I am using scikit learn and tackle the exercise of predicting movie review rating. I have read on Cohen's kappa ( i Frankly to not understand it fully ), and it's usefulness as a metric of comparison between Observed and Expected accuracy. I have proceeded as usual in applying machine learning algorithm on my corpus, using a bag of words model. I read the Cohen's Kappa is a good way to measure the performance of a classifier.
How do i adapt this concept to my prediction problem using sklearn ?
Sklearn's documentation is not really explicit on how to proceed on this matter with a document term matrix ( if it's even the right way to do it )
sklearn.metrics.cohen_kappa_score(y1, y2, labels=None, weights=None)

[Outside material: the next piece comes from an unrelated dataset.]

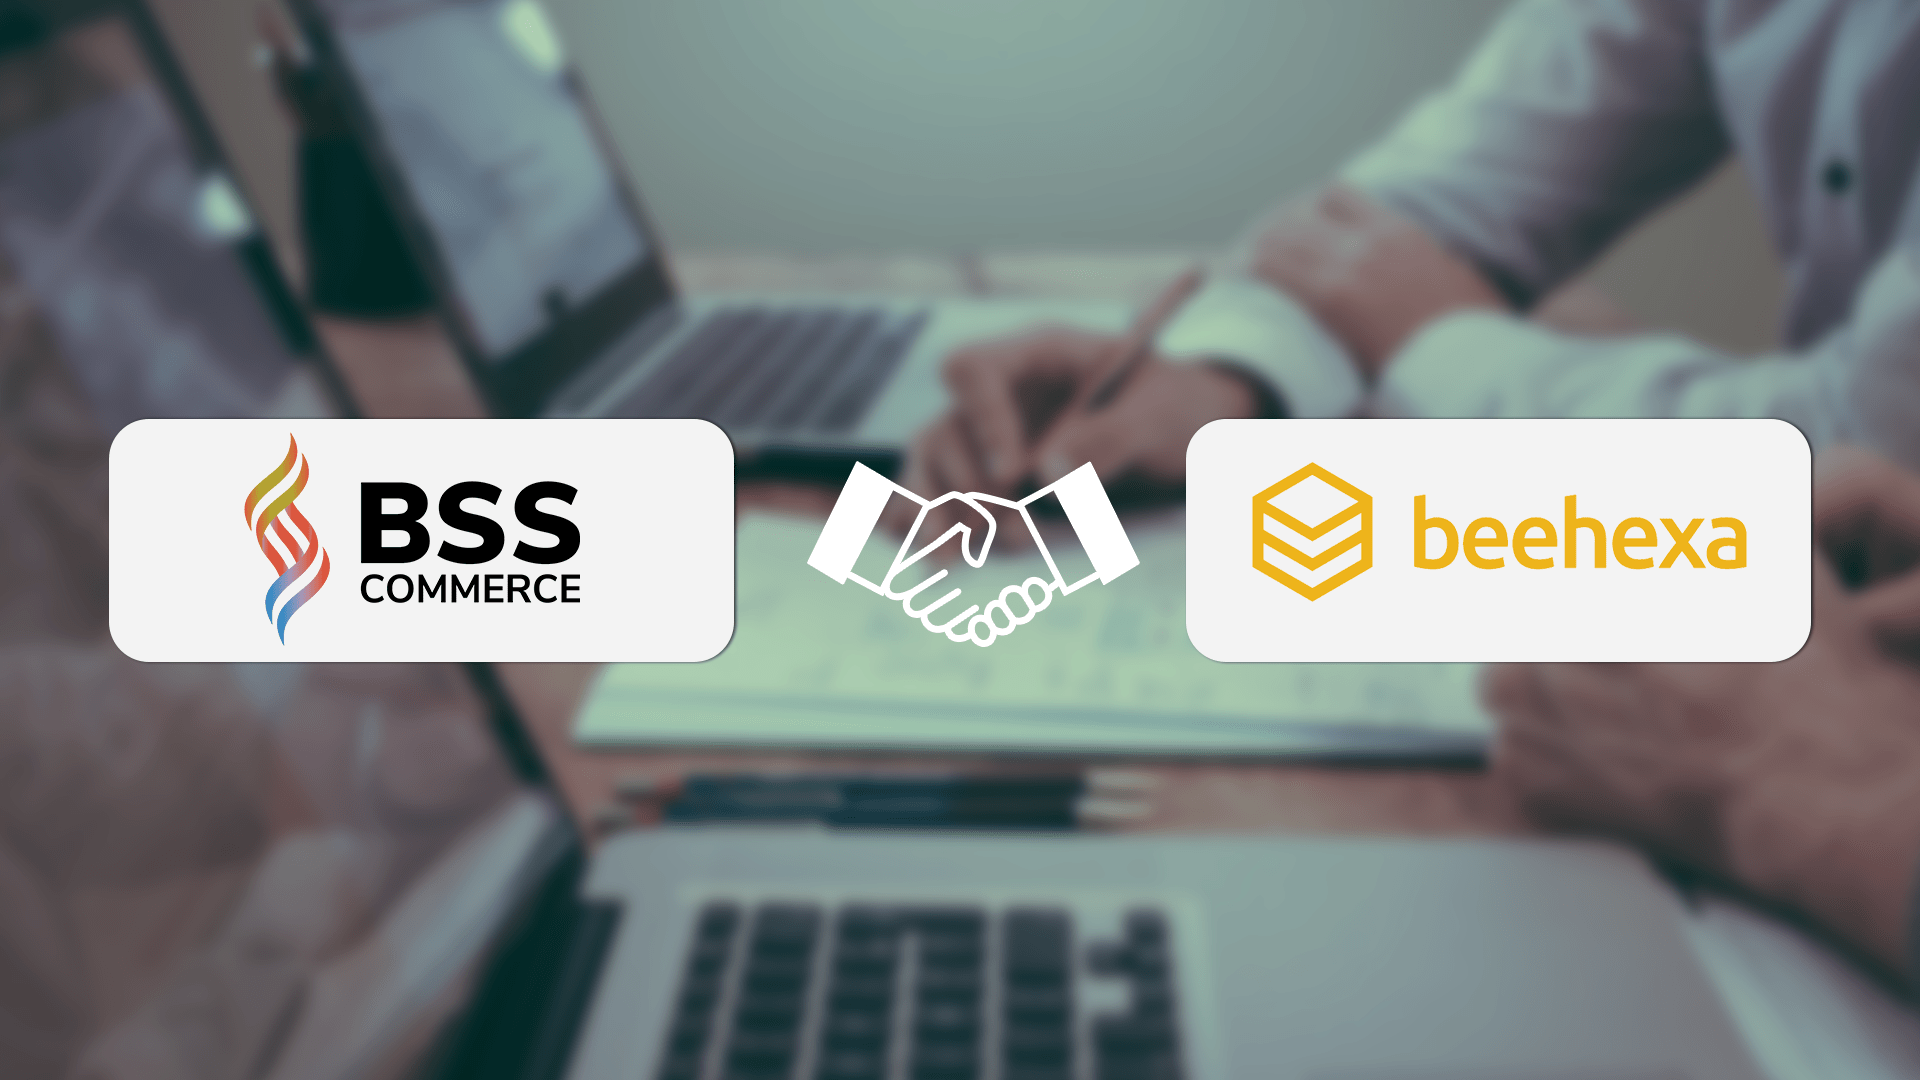 BSS Commerce And Beehexa Partnership

this is the example found on the sklearn website:
from sklearn.metrics import cohen_kappa_score
y_true = [2, 0, 2, 2, 0, 1]
y_pred = [0, 0, 2, 2, 0, 2]
cohen_kappa_score(y_true, y_pred)
Is the Kappa scoring calculation applicable here ? among the people who annotated the reviews in my corpus ? How to write it ? Since all the movie reviews are from different annotators, are they still two annotators to consider in evaluating Cohen's Kappa ? What should I do ? Here's the example I am trying :
import pandas as pd
from sklearn.naive_bayes import MultinomialNB
from sklearn.model_selection import cross_val_score
from sklearn.model_selection import KFold
from sklearn.feature_extraction.text import TfidfVectorizer
from sklearn.model_selection import StratifiedShuffleSplit
xlsx1 = pd.ExcelFile('App-Music/reviews.xlsx')
'''
review are stored in two columns, one for the review, one for the rating
'''
X = pd.read_excel(xlsx1,'Sheet1').Review
Y = pd.read_excel(xlsx1,'Sheet1').Rating
X_train, X_test, Y_train, Y_test = train_test_split(X_documents, Y, stratify=Y)

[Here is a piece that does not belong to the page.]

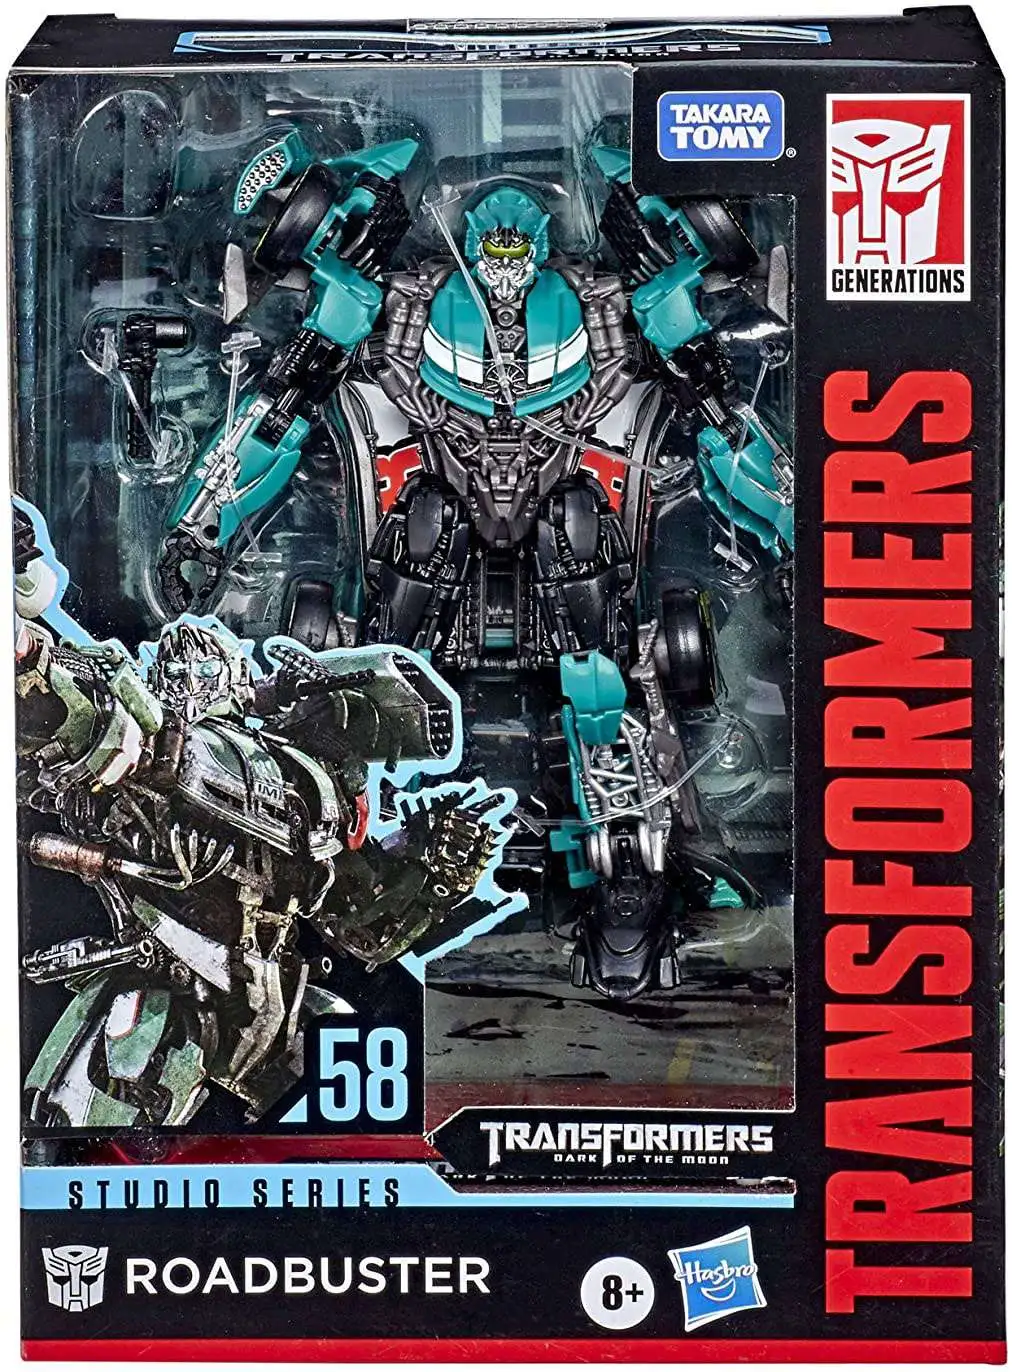 HASBRO Takara Tomy Generations Transformers Studio Series 5in #58 ROADBUSTER

new_vect= TfidfVectorizer(ngram_range=(1, 2), stop_words='english')
X_train_dtm = new_vect.fit_transform(X_train.values.astype('U'))
X_test_dtm = new_vect.fit_transform(X_test.values.astype('U'))
new_model.fit(X_train_dtm,Y_train)
new_model.score(X_test_dtm,Y_test)
'''
this is the part where I want to calculate cohen kappa score for comparison
'''
I might completely wrong on the idea but i read it in this page concerning sentiment analysis:
Ultimately, a tool’s accuracy is merely the percentage of times that human judgment agrees with the tool’s judgment. This degree of agreement among humans is also known as human concordance. There have been various studies run by various people and companies, and they concluded that the rate of human concordance is between 70% and 79%.